The gas pricing may be as big a factor at moment as anything.
True to form IOG wait a week and an RNS in between to inform us H1 went offline a week earlier for the drill and we can expect 10days offline in March on top.
Had been waiting for that news. They chose to hold back the Shut in across multiple RNS. The problem is with Elgood quietly also left shut-in pending dewatering and possibly till compression in 2027 and not being cycle produced once again more of the winter gas bonanza pricing is missed.
Fantastic.
Positive that they have moved the rig and got going quickly now we just have to trust the review of the seismic was accurate and that there are not further undetected faults in the H2 location. The original Blythe drill and connection was the simplest of the 4 phase 1 drills to date.
Working out where to go next they need to do relatively quickly to get the approvals as unless it's back to Southwark then there is alot to do. If it's an appraisal well outside phase 2 it will need funding £12m from the £25m pot on H2 leaves barely enough - so phase 2 makes more sense financially but are there long lead time items needed?
Thats why losing revenue now is so painfu we need as much cash as we can gather so shut ins are not good if unavoidable.
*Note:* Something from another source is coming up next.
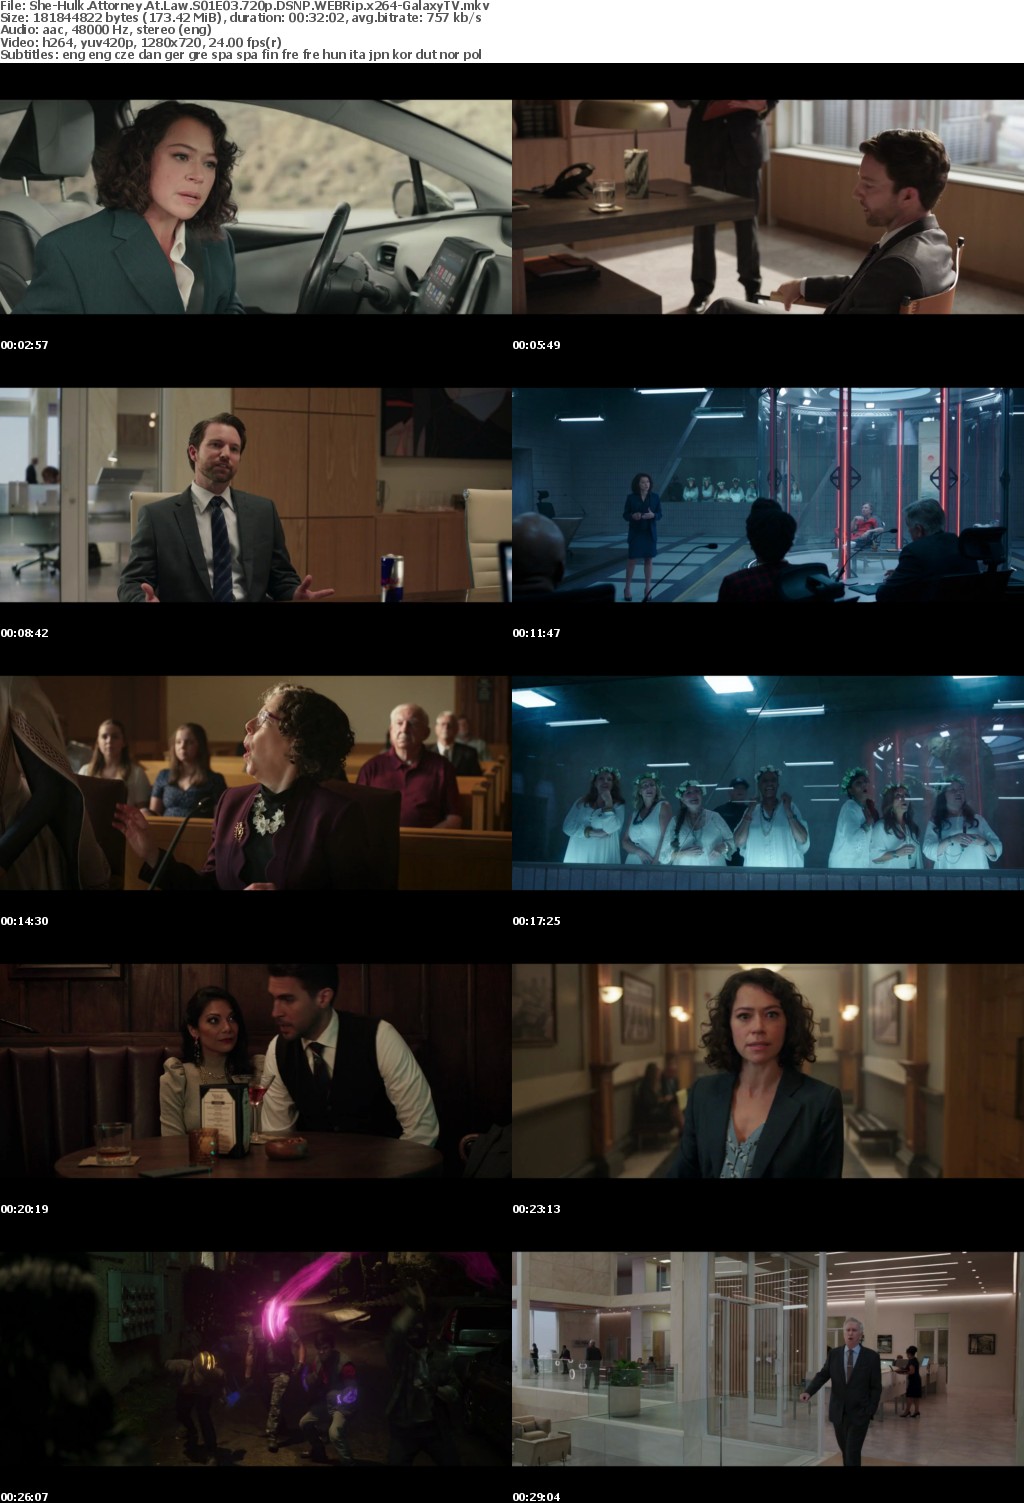 She-Hulk Attorney at Law S01 COMPLETE 720p DSNP WEBRip x264-GalaxyTV

Pipe I'm genuinely interested in how Southwark could have gone so wrong.
They had the original drill somewhere around A1 location from the discovery and seismic. They allegedly even revisited the seismic for A2!
How can they not have known about the proximity of the water and the risk of what they were facing on this play? I don't recall any mention that it was even a possibility.
CalE obviously looked at it and presumably the bond issuer. Which makes it all the stranger given CalE correctly declined Harvey before IOG had an unsuccessful drill there.
RN has clearly decided to clear the decks of bad news. But how on earth can they have got it so wrong at Southwark? It takes some explaining after the issues drilling A1 to finally do A2 but then park the field with a platform on it.
I presume Goddard/Nailsworth need a platform procured should they proceed plus the costs of drilling production wells? CalE will no doubt want a very close look at that to ensure a repeat of Southwark can't occur.
Next round of news will be more positive with Blythe H2 progressing.